───── Information provided

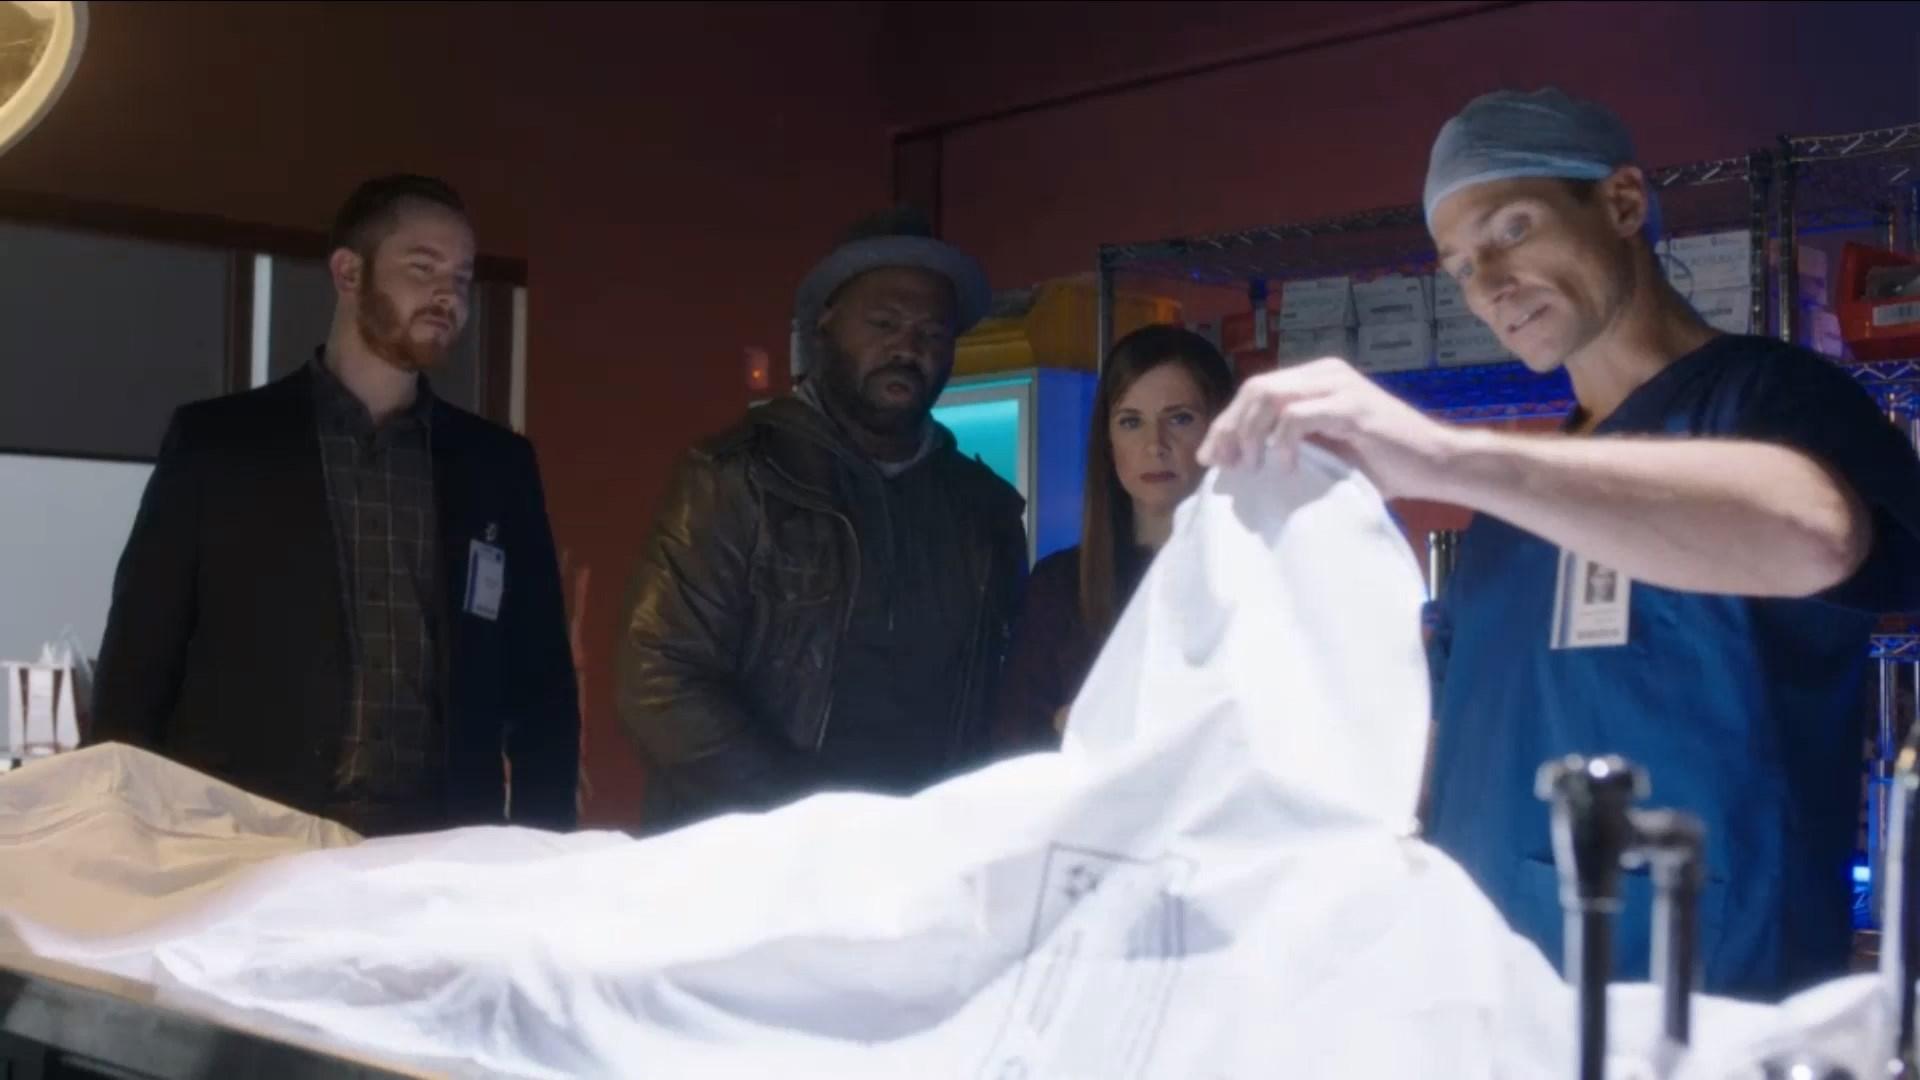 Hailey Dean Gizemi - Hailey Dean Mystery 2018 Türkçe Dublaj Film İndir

──────────
───── Information provided

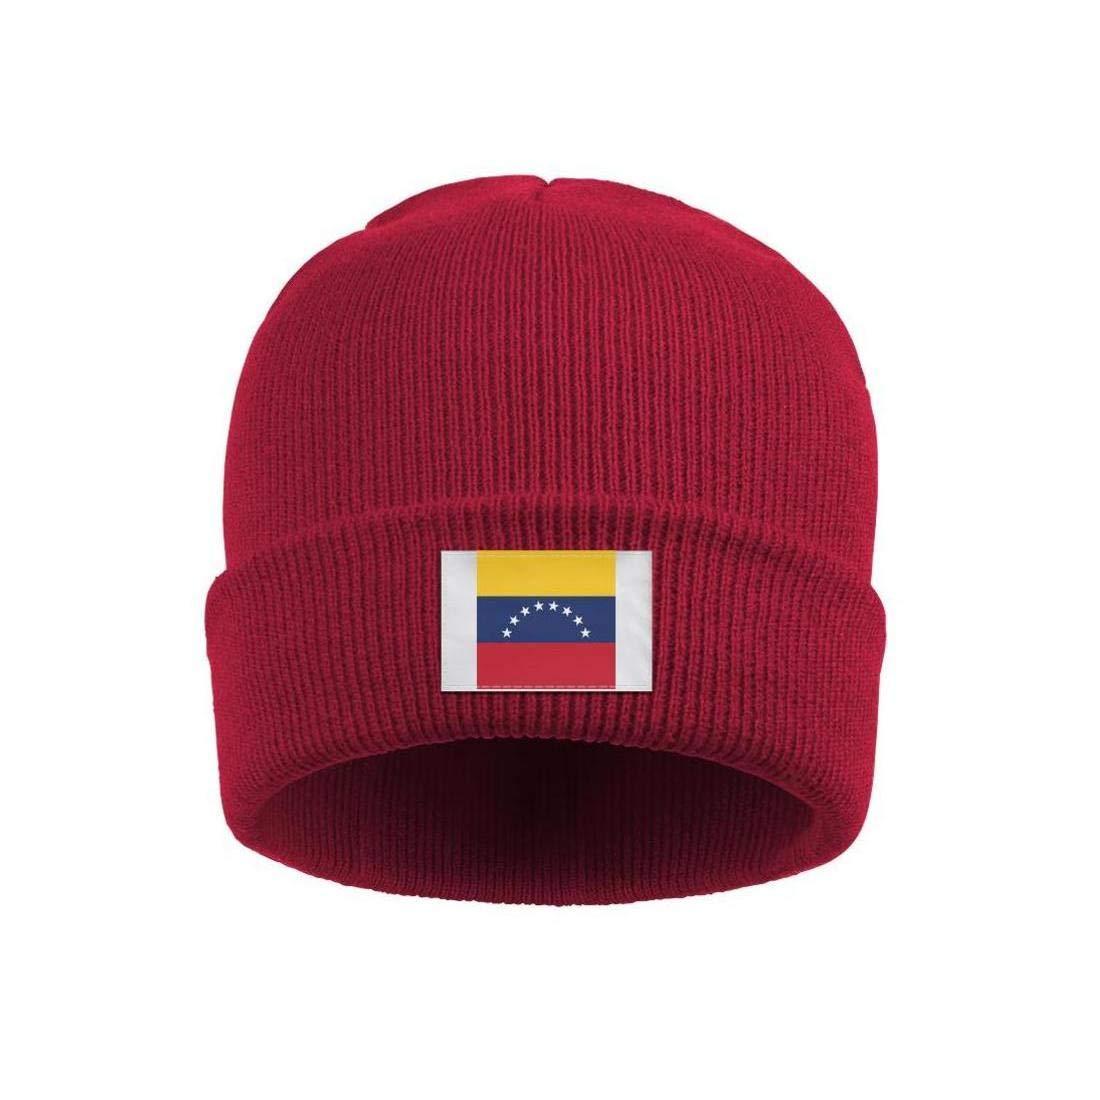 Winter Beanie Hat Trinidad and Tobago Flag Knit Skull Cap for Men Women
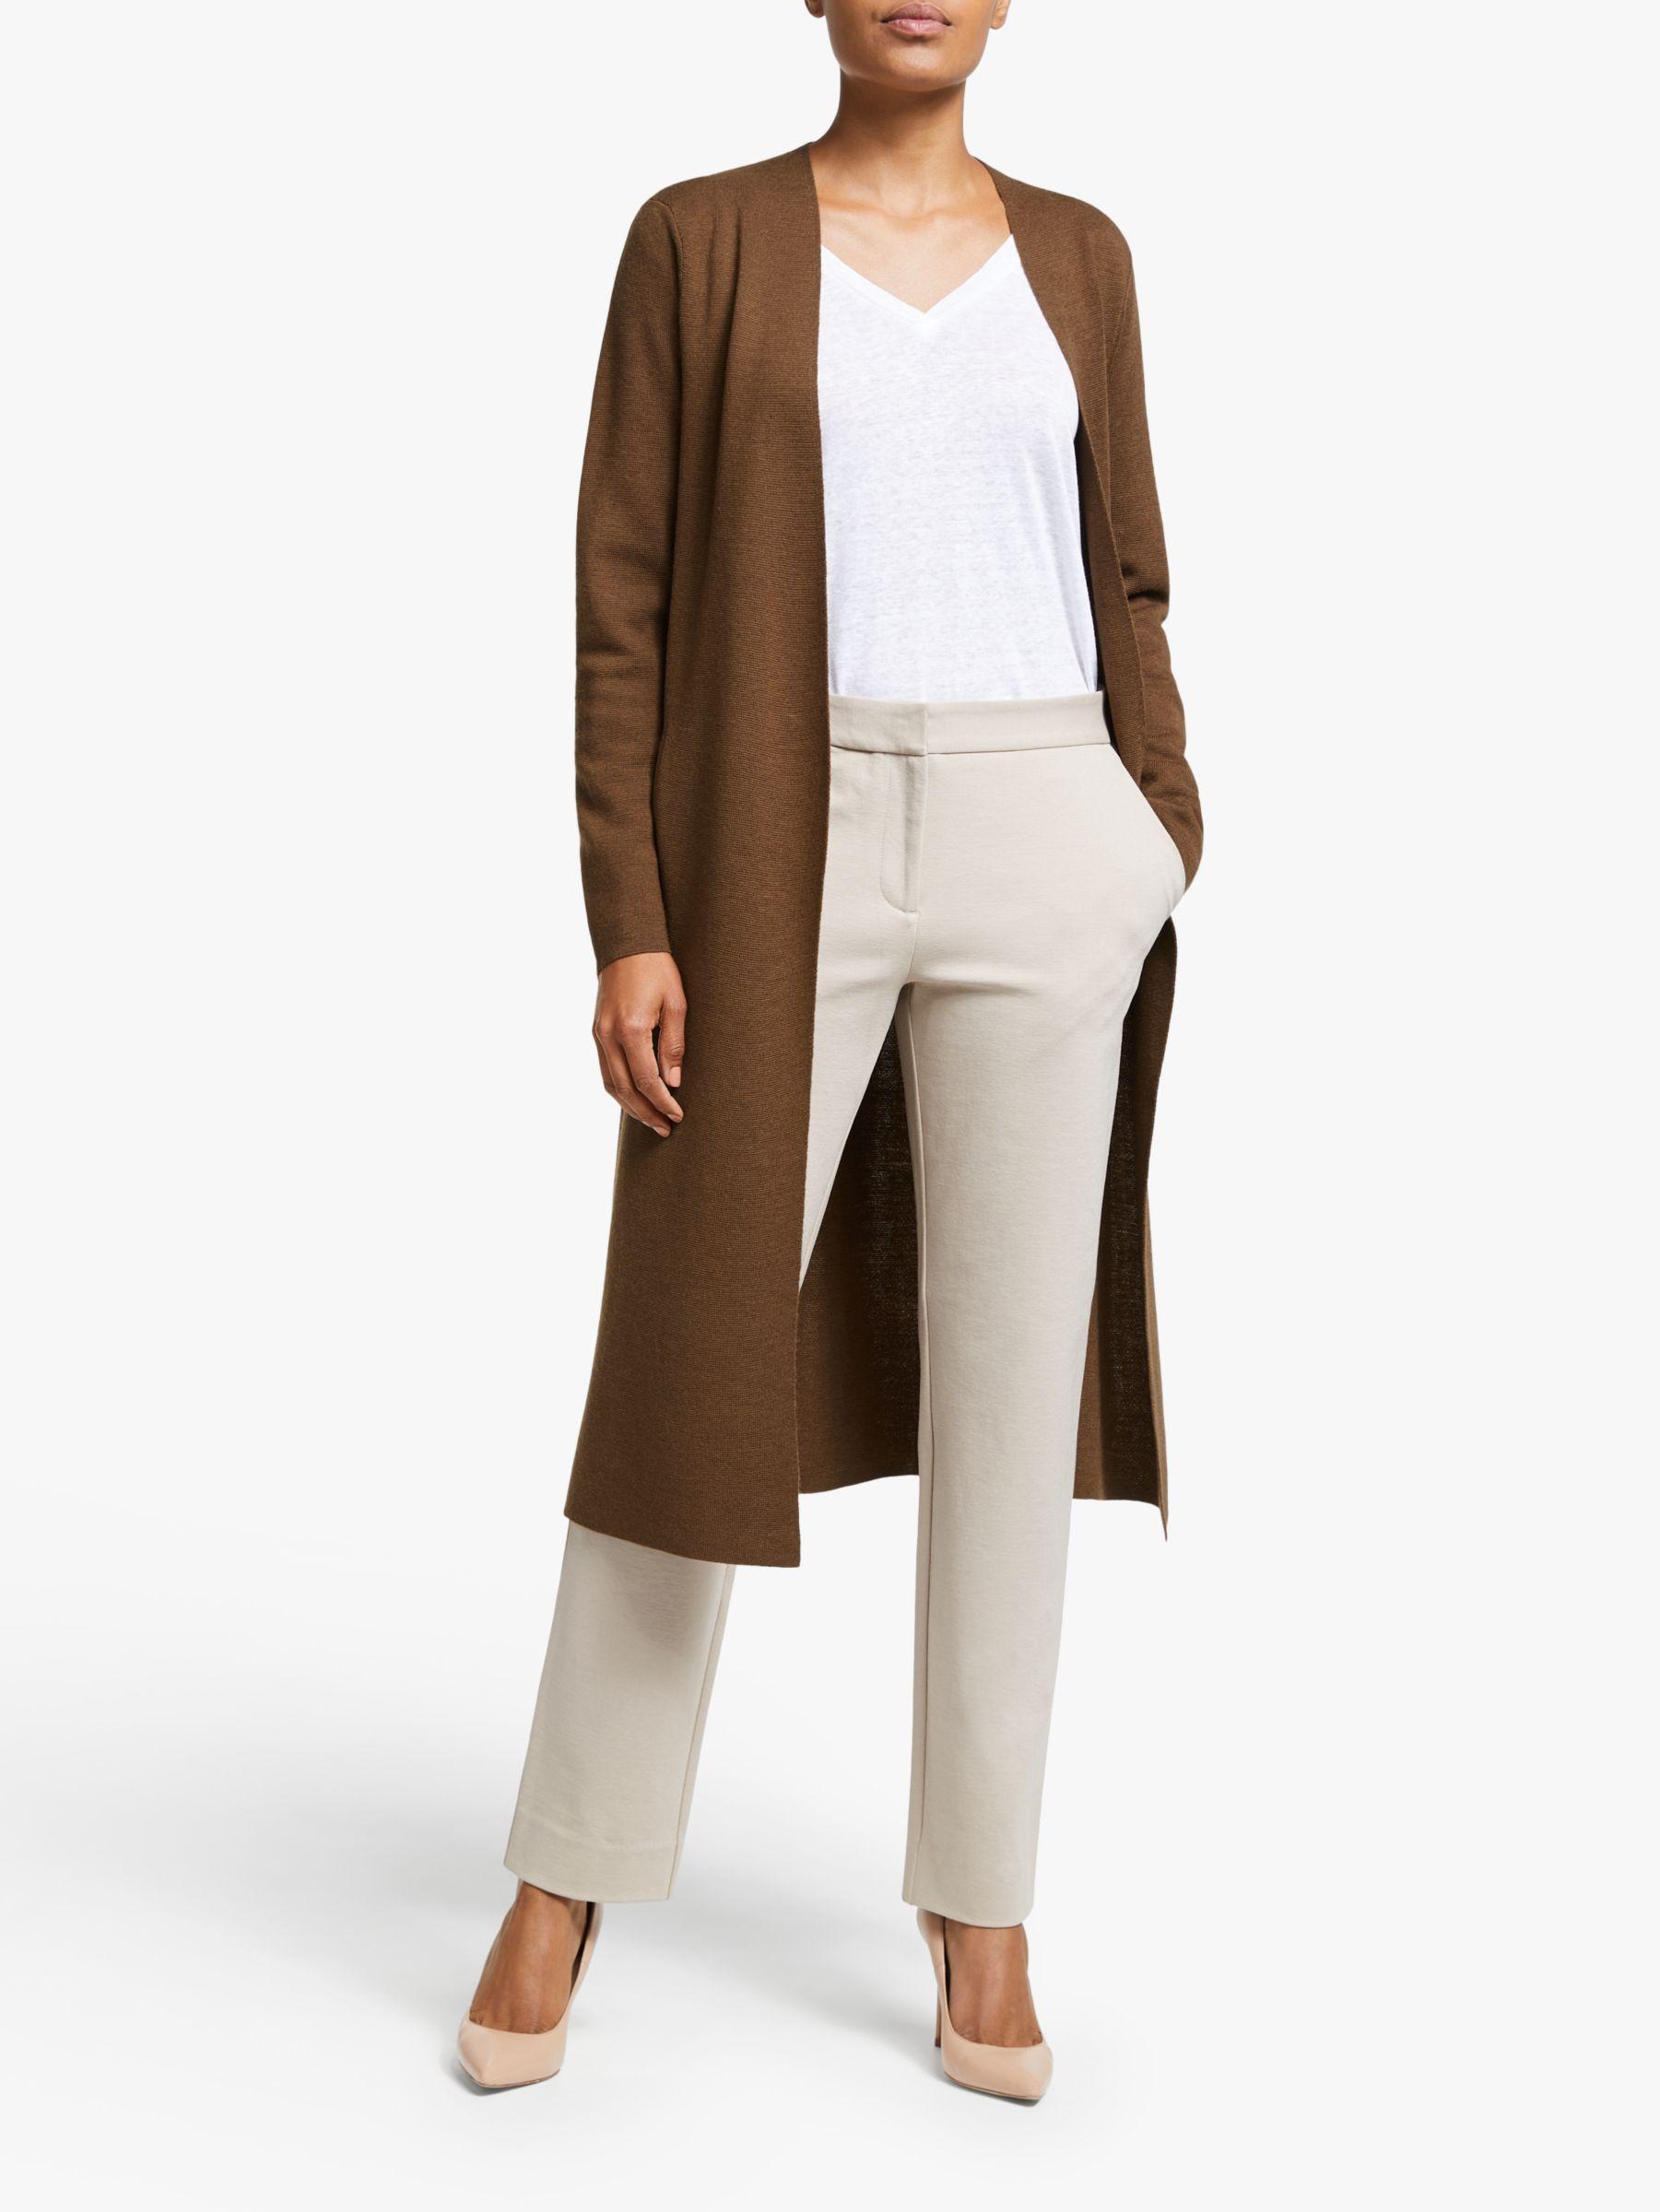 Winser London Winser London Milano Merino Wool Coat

──────────

Give back exactly, and solely, the section of the data above bounded by the line containing "Winter Beanie Hat" and the line containing "Winser London Winser", both bounding lines included and pictures omitted.

> [Result of the task]
 Winter Beanie Hat Trinidad and Tobago Flag Knit Skull Cap for Men Women
 Winser London Winser London Milano Merino Wool Coat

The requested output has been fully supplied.